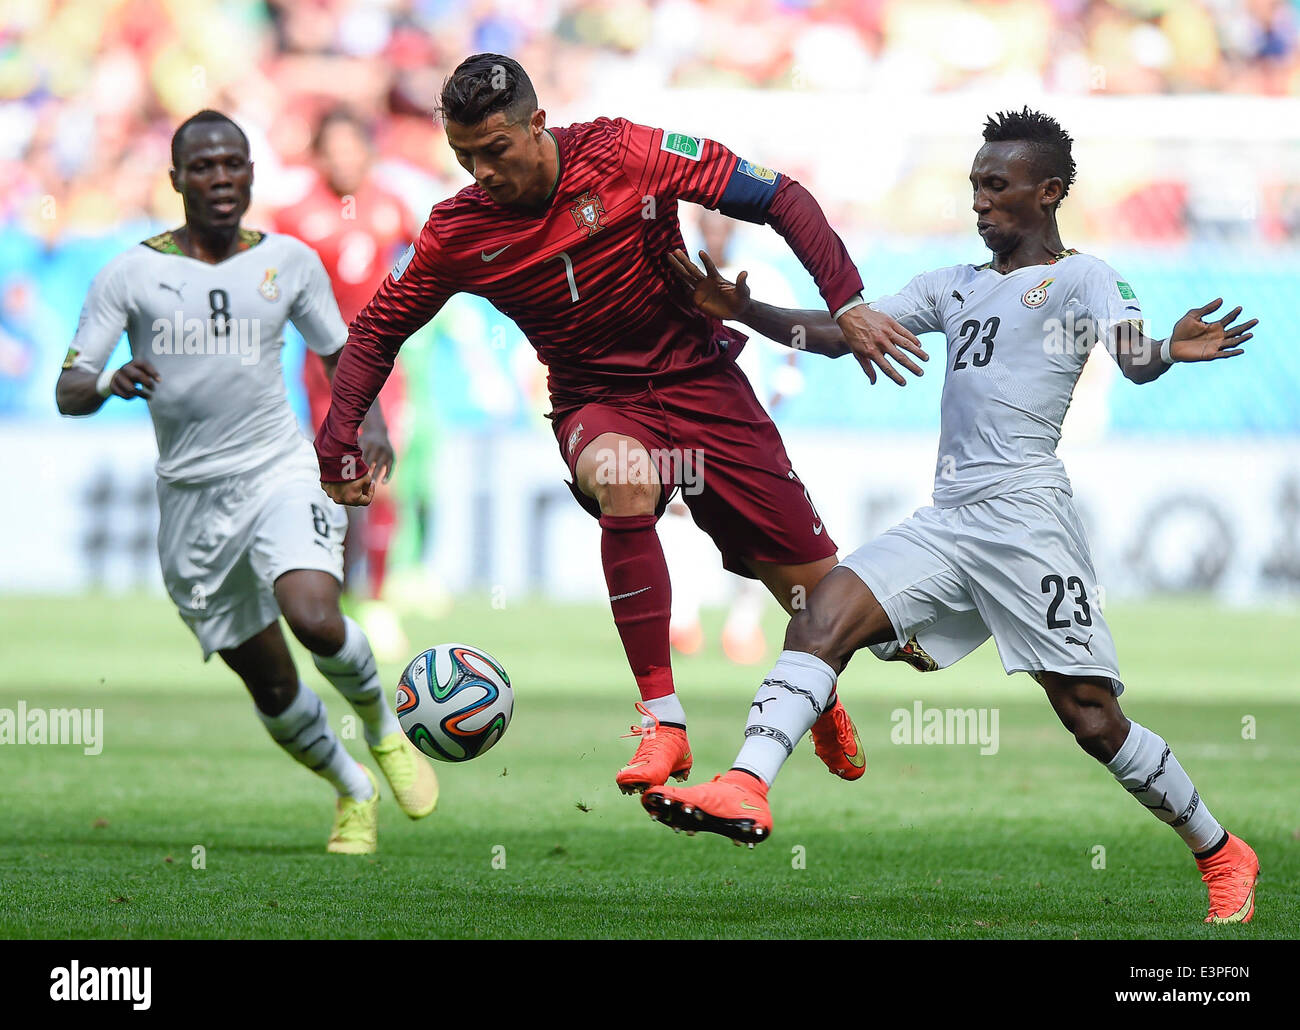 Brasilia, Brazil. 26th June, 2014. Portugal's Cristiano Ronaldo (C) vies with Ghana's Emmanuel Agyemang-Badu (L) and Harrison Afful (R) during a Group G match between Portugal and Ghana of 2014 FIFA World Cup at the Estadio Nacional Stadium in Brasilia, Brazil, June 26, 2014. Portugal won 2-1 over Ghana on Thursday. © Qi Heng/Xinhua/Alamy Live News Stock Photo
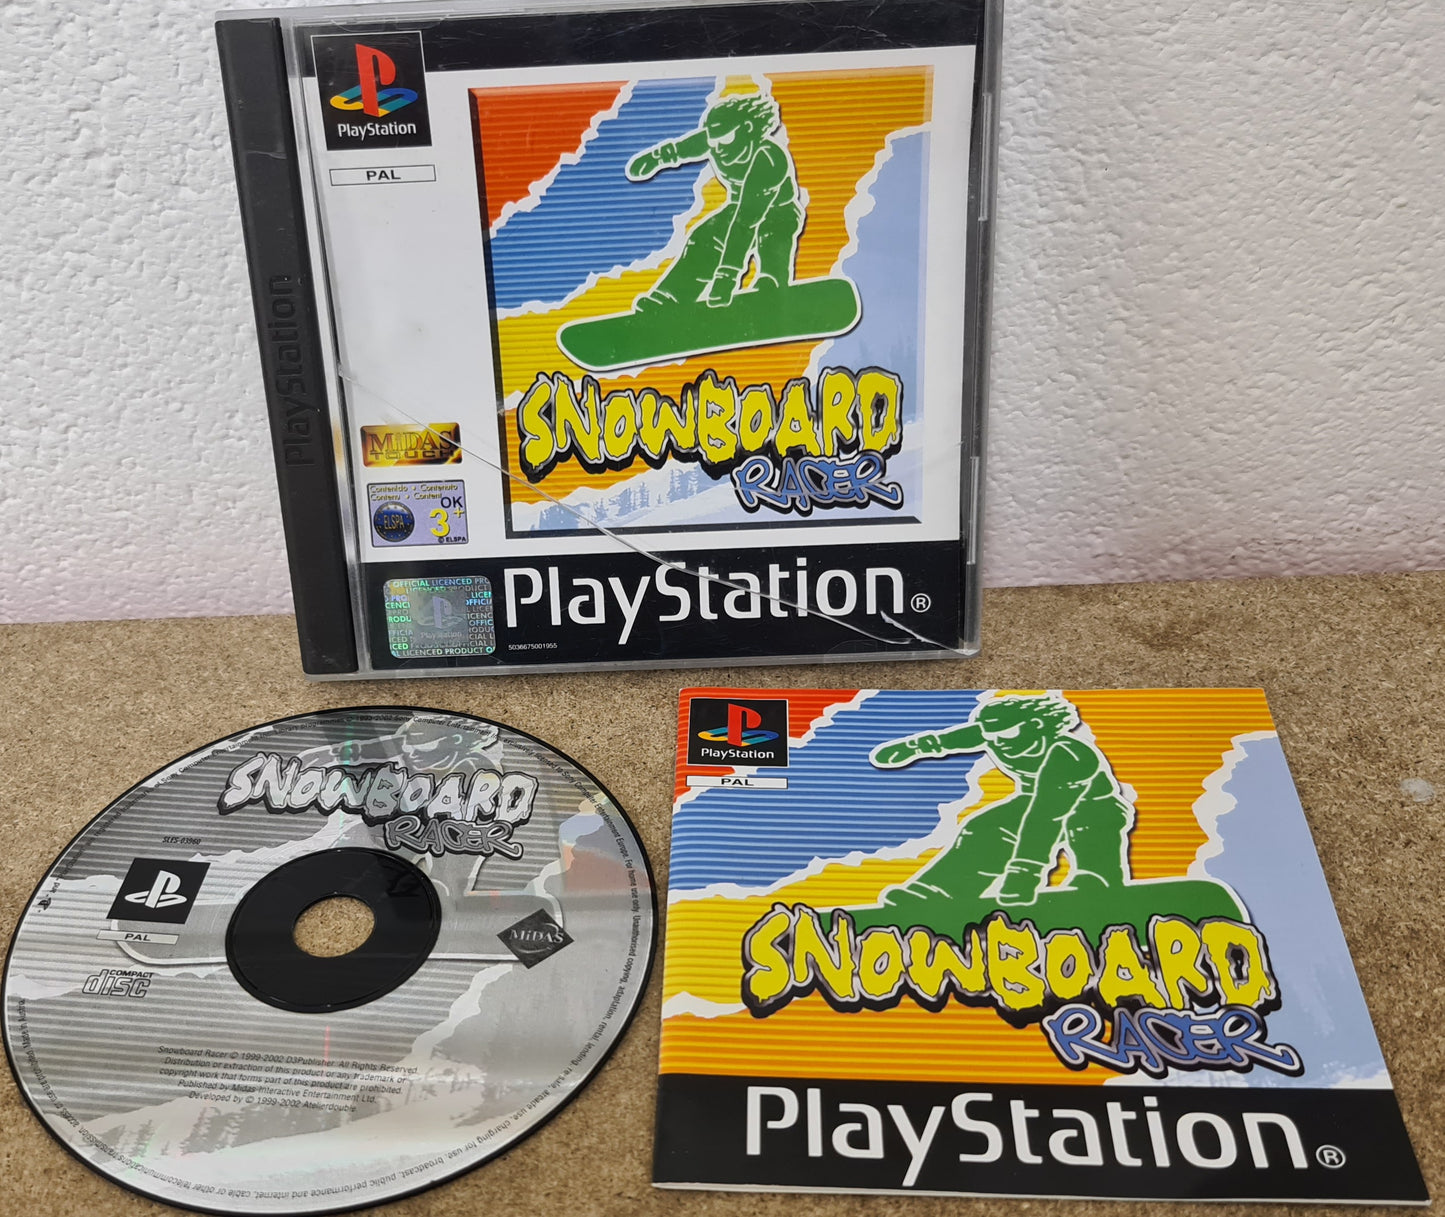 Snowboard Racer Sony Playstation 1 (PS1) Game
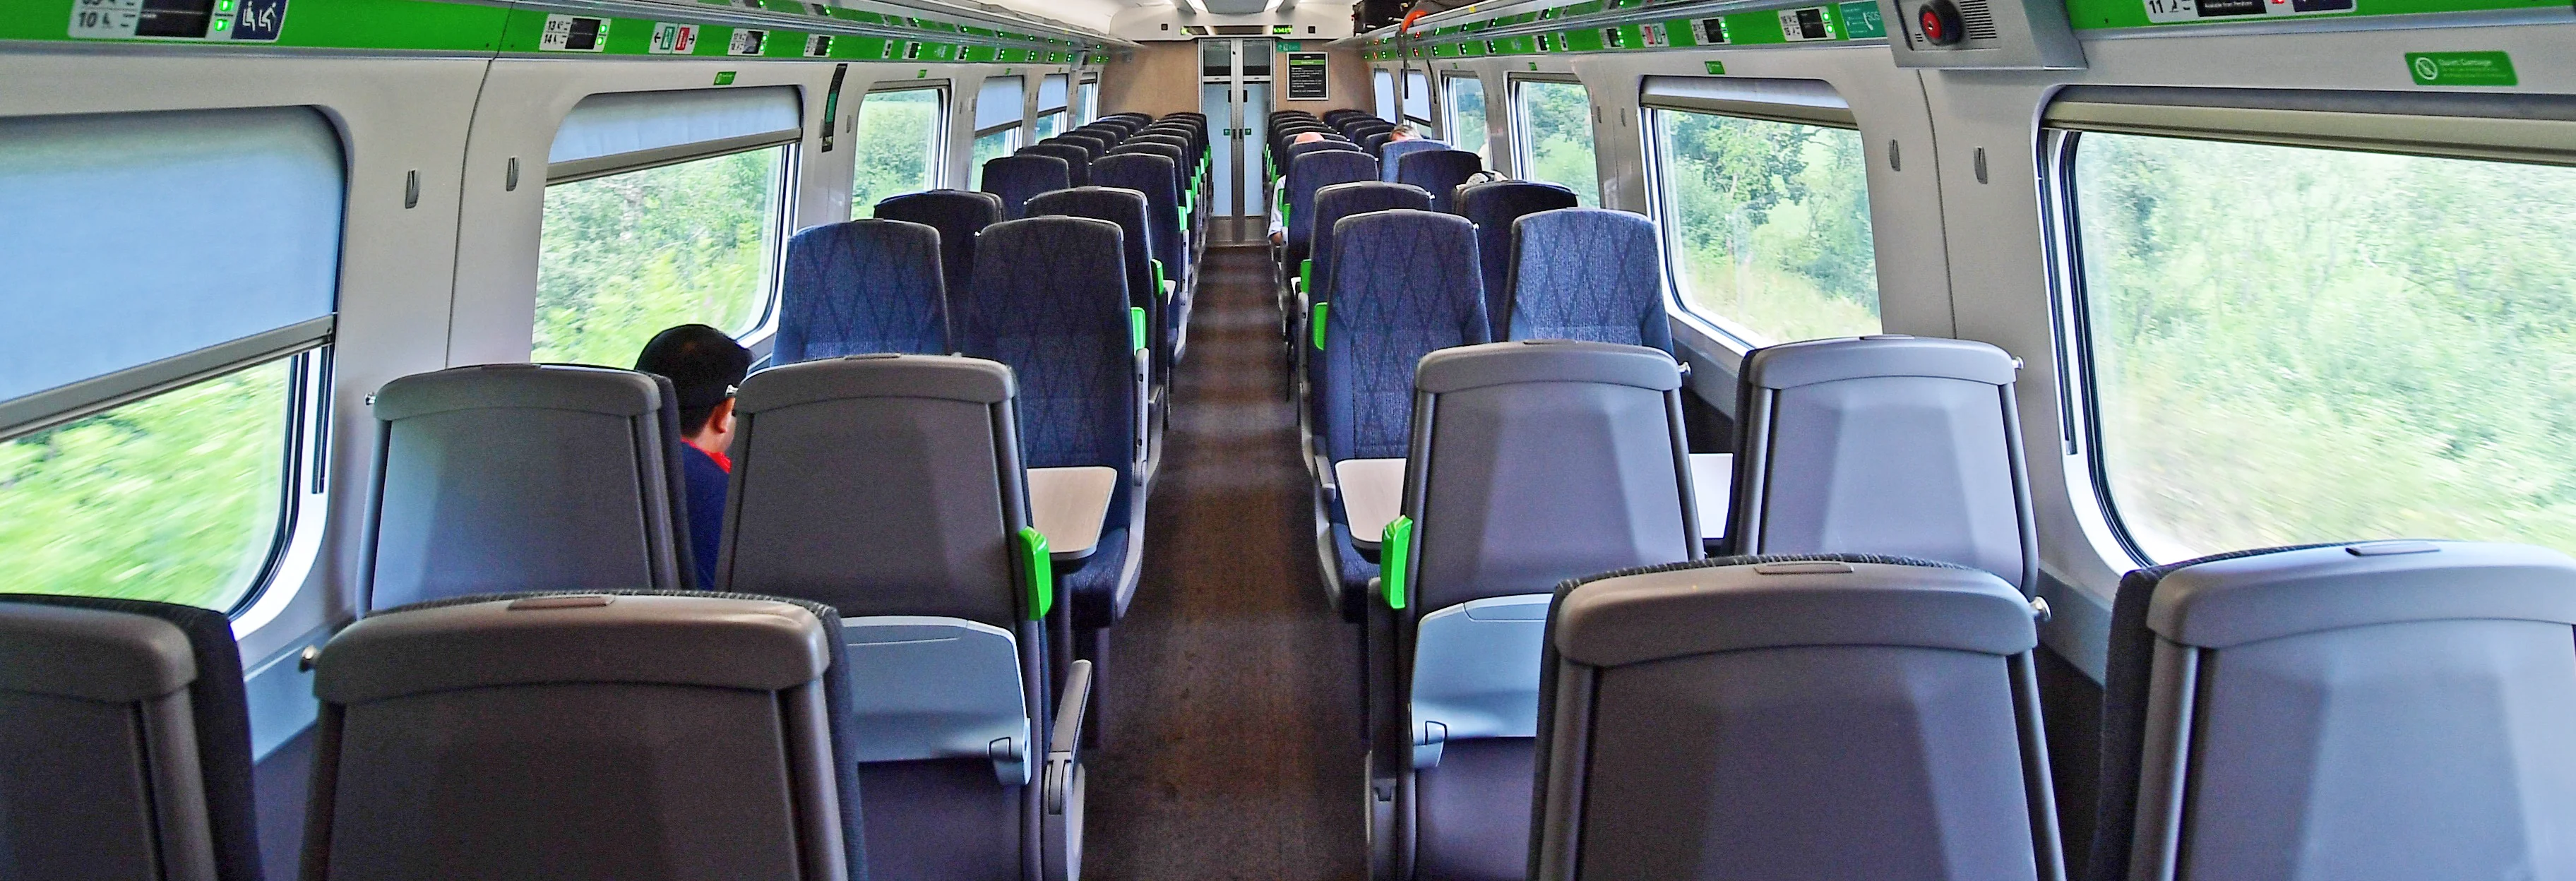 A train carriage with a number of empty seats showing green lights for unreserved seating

* * *

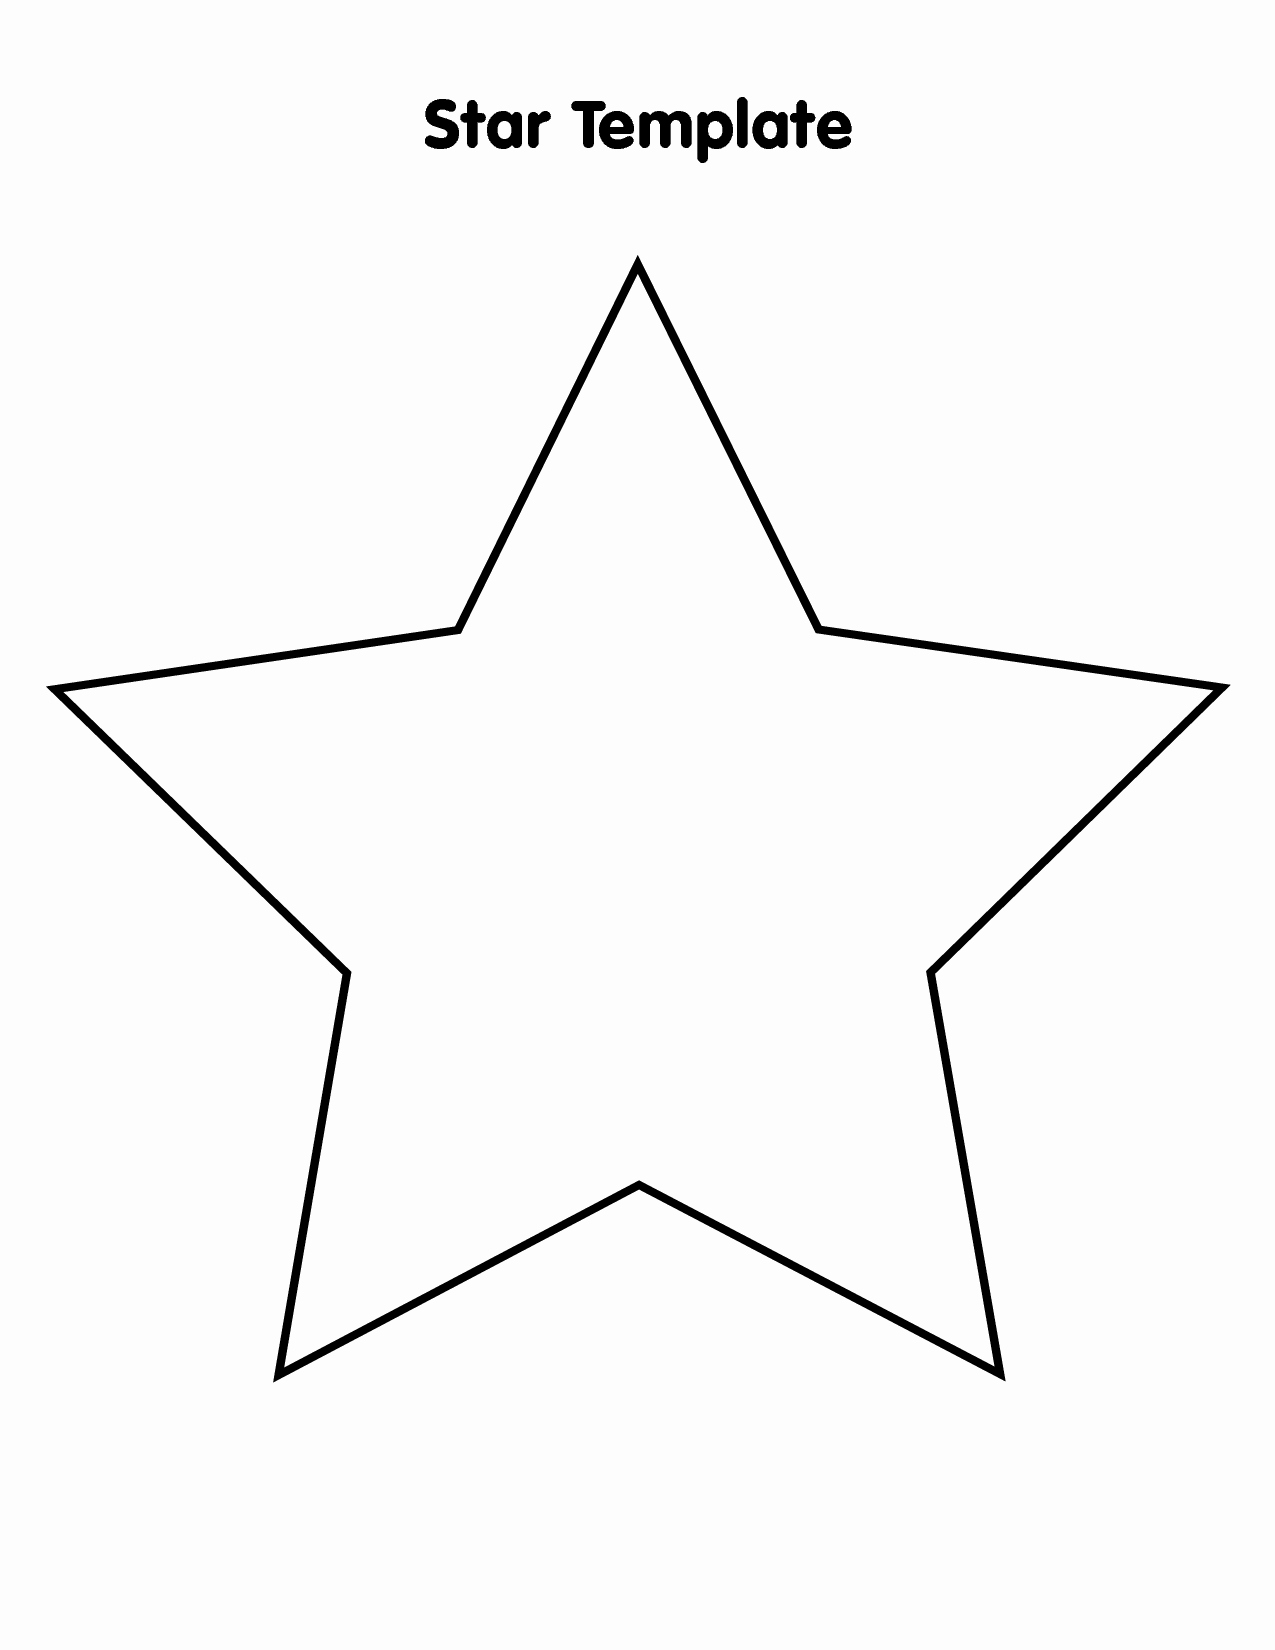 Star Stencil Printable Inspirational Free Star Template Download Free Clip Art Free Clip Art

__Aim of the task__: Nothing but the lines above from the line with "Snowboard Racer Sony" up to and including the line with "A train carriage" should be returned, exactly as written and without pictures.

__Answer for this exercise__:
 Snowboard Racer Sony Playstation 1 (PS1) Game
 A train carriage with a number of empty seats showing green lights for unreserved seating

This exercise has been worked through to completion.